# Why do Elves, Hobbits and Dwarves have pointy ears?



## Sarah (Dec 12, 2003)

Yet men do not.

Pointy ears. Why are men the only ones without them? It is not because they are mortal, because hobbits and dwarves have them. So... WHY?? Gah, it's been bothering me forever!!! Somebody help me!!!!

Perplexed.


----------



## celebdraug (Dec 12, 2003)

That is a really good question, and i'd like to know the answer to that too.


----------



## Melko Belcha (Dec 12, 2003)

Since when have Dwarves had pointed ears? I have studied the Dwarves more then anything else in Tolkien's work, and I have never heard anything about them having pointed ears.

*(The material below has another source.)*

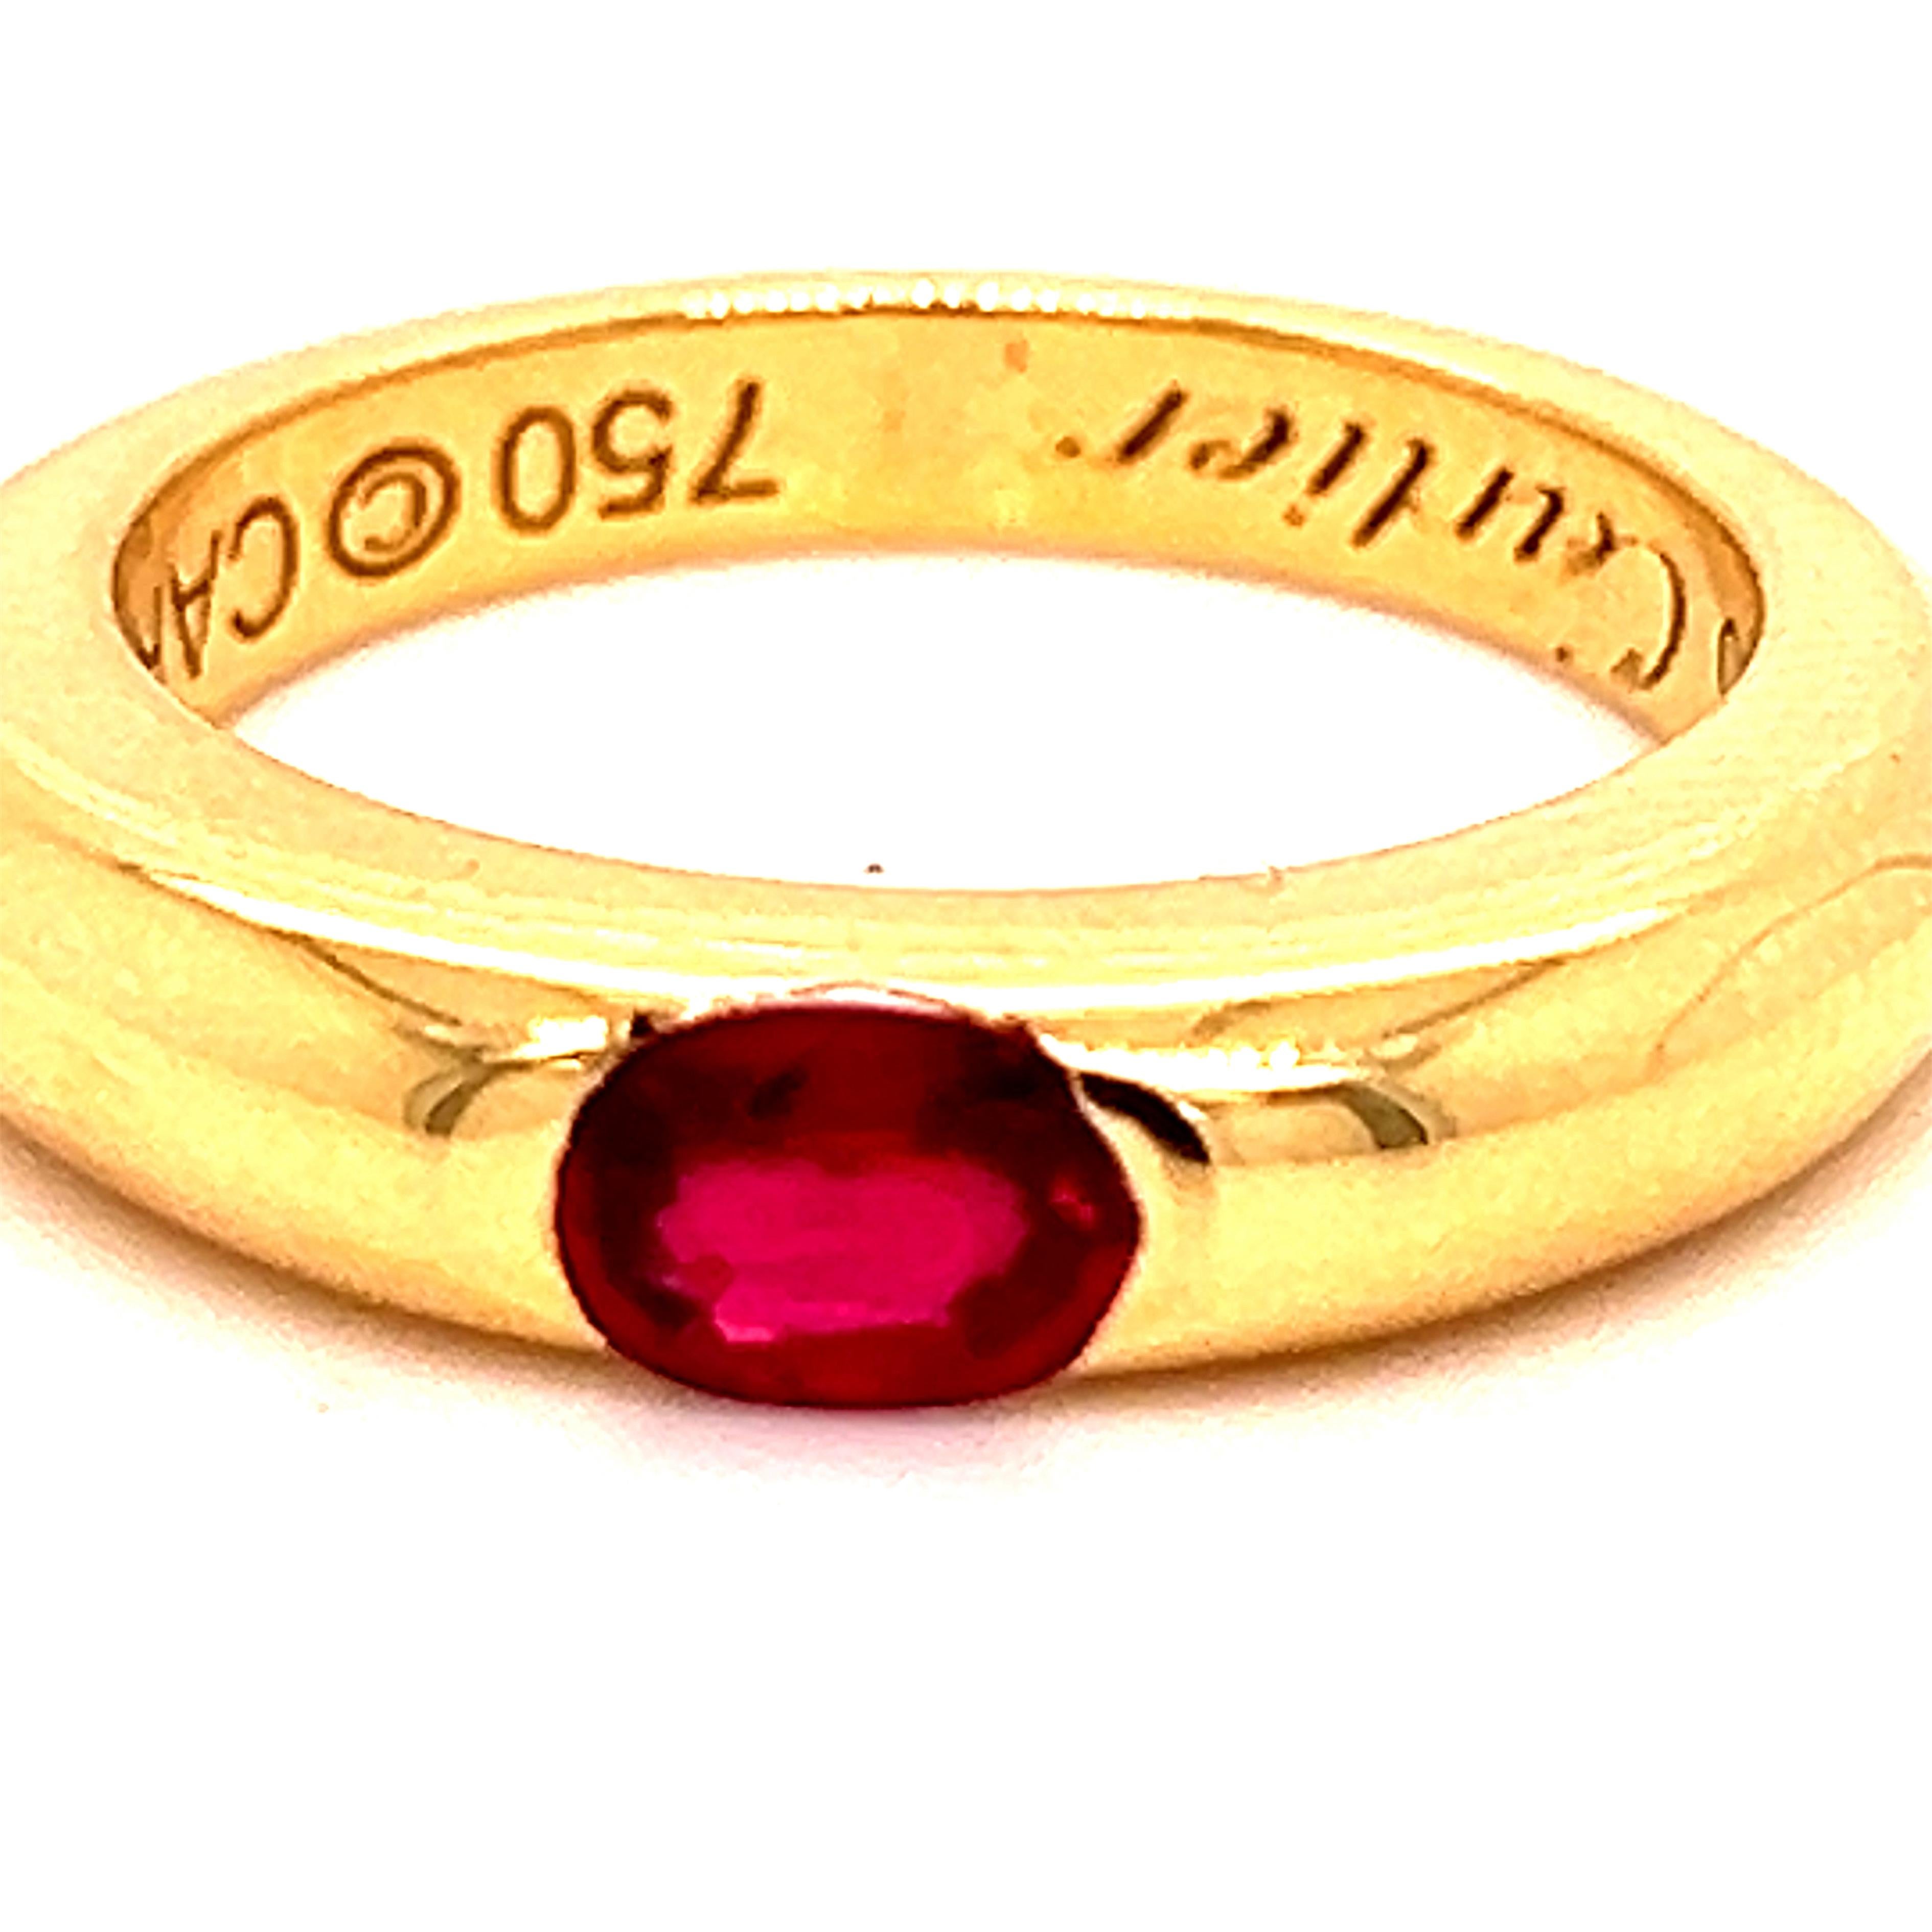 Original 1992, Cartier Oval Red Ruby 18Kt Yellow Gold iconic Ellipse ring, French size 52, Us Size 6.
A very precious Cartier circa 0.60KT Top Quality Oval Red Ruby in a simple, all time wearable 18kt yellow gold setting timeless ring . 
Brimming

Please provide a quote *written by Tolkien* where he says that Dwarves ears are pointed.


----------



## Inderjit S (Dec 12, 2003)

The only time that Elves have been described as having pointy ears is in the rather vague and ambiguous note in _The Etymologies_ (HoME 5) and the validity of that note is questionable. 

Dwarves are never described as having pointy ears.


----------



## Roilya (Dec 12, 2003)

a dwarve with pointy ears would look pretty funny.


----------



## Celebthôl (Dec 12, 2003)

Where is a hobbit described as having pointy ears?


----------



## Sarah (Dec 12, 2003)

Grr. damn purists

Granted these questions came to mind after repeatedly watching the movies over, and over, and over, and over, and over, and over, and over, and... well you get the idea. You only ever get to see Gimli's ears in once scene that was not in the theatrical version. And his ears were pointed. and all of the hobbits had pointy ears. Also, I've come to the conclusion (based *only* on the movies mind you as I know that I'm not right) that wizards have no ears. I mean can anyone see them???

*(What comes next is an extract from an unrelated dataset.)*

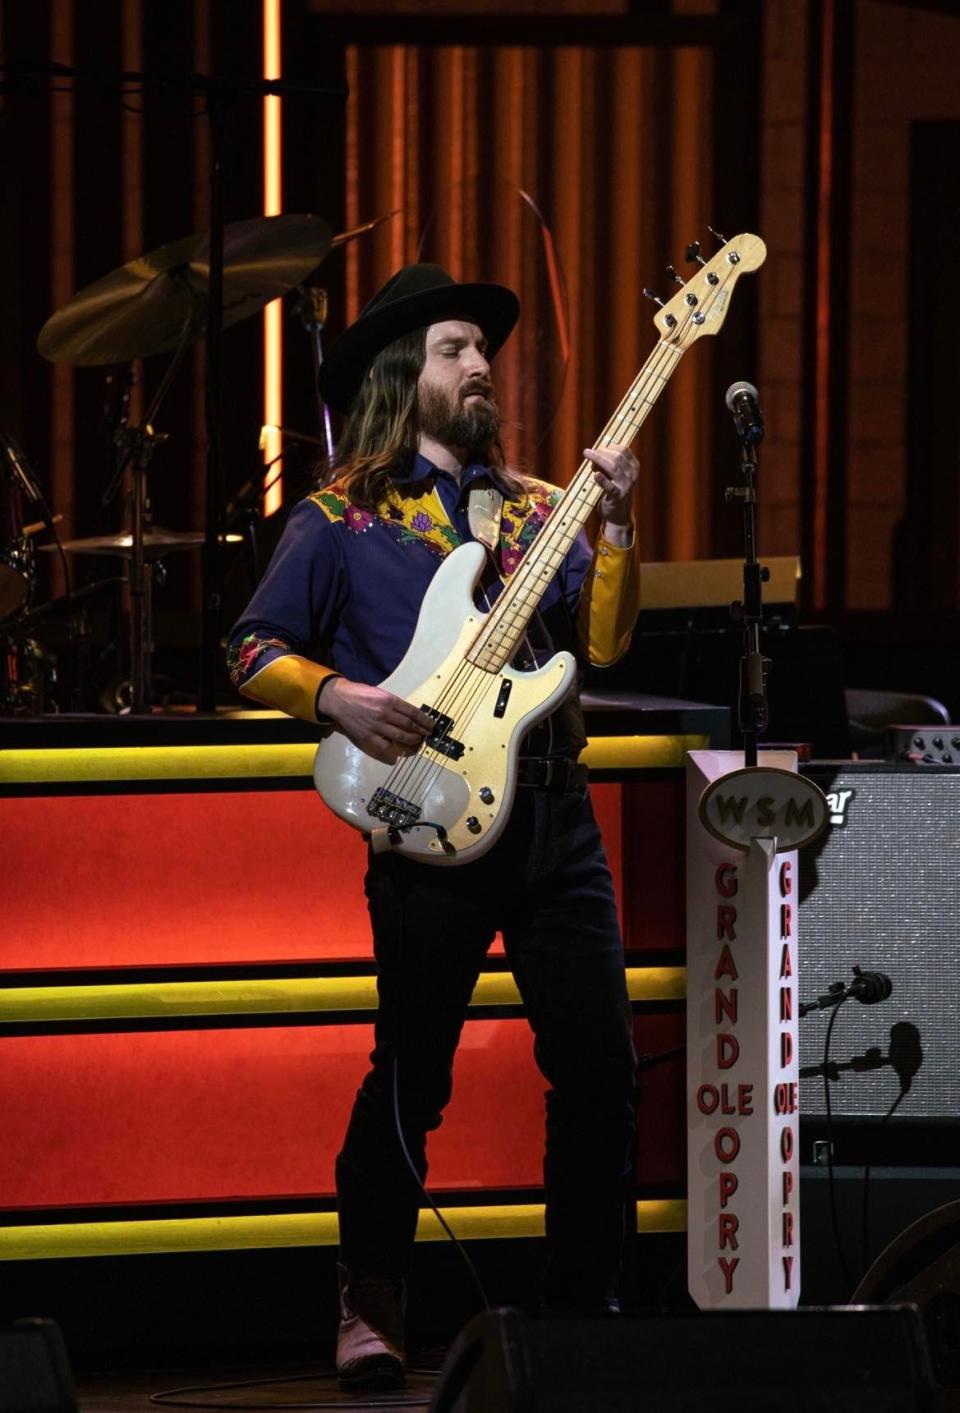 Kevin McManus, a former member of rock bands The Outside Voices and The Buffalo Ryders, is now the bass player for The Shootouts, a Northeast Ohio-based country and honky-tonk band. McManus is shown performing with the band last month at the Grand Ole Opry in Nashville.

please note: that last comment was meant to be a joke, I know that wizards have ears. I don't need purists comeing and breaking my door down like wraiths to tell me I'm wrong.


----------



## Melko Belcha (Dec 12, 2003)

> _Originally posted by Celebthôl _
> *Where is a hobbit described as having pointy ears? *



Tolkien wrote a letter to an artist who had drawn a picture of Bilbo that Tolkien hated. In the letter Tolkien describes the Hobbits ears as being pointed and elvish.

Some people claim that letter as proof that the Quendi have pointed ears, but at the time the letter was written the LotR had just began to be written and The Hobbit was still not part of The Silmarillion legend, so only the people close to Tolkien and had read his mythology would know anything about the Quendi. So in the description of hobbits ears that Tolkien wrote must be talking about elves from popular legend.

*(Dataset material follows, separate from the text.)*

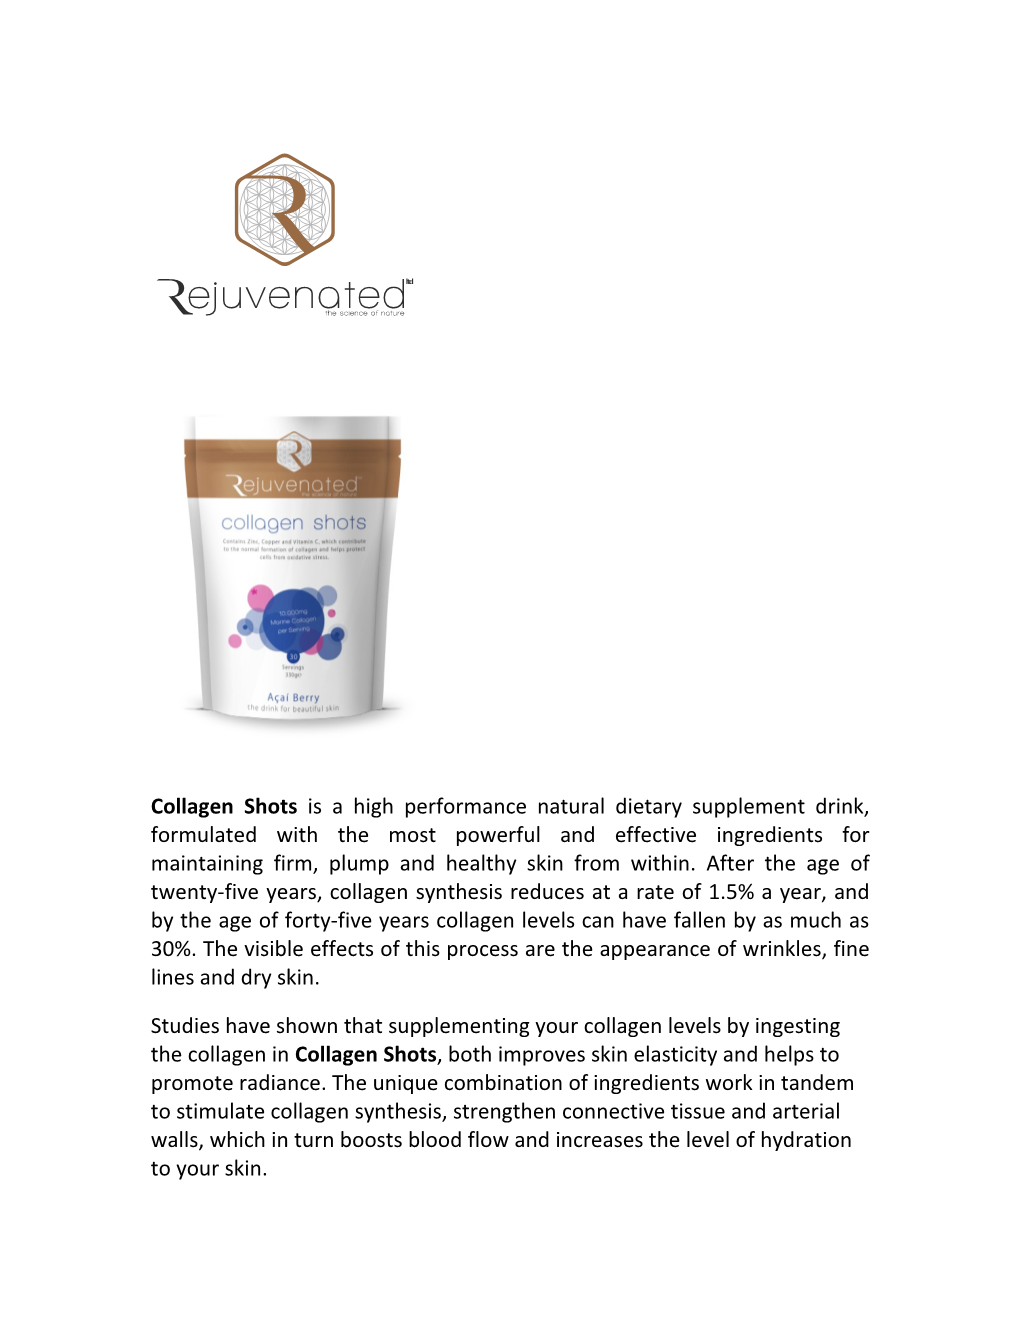 Collagen Shots Is a High Performance Natural Dietary Supplement Drink, Formulated With

The only reference to Quendi ears being pointed was mentioned above by Inderjit S.


----------



## Eledhwen (Dec 12, 2003)

Why would Tolkien write 'pointed and elvish' without qualifying it further, if it only referred to elvishness outside his own stories?


----------



## Gandalf The Grey (Dec 12, 2003)

> _Originally posted by Sarah _
> *Also, I've come to the conclusion (based only on the movies mind you as I know that I'm not right) that wizards have no ears. I mean can anyone see them???
> 
> please note: that last comment was meant to be a joke, I know that wizards have ears. I don't need purists comeing and breaking my door down like wraiths to tell me I'm wrong.  *



What? What's this? * Cups a hand over a flowing grey mass of hair beneath his hat. *

I can't hear you, would you kindly speak up? And I entirely missed what you said at the end there, when your voice sank to a whisper.  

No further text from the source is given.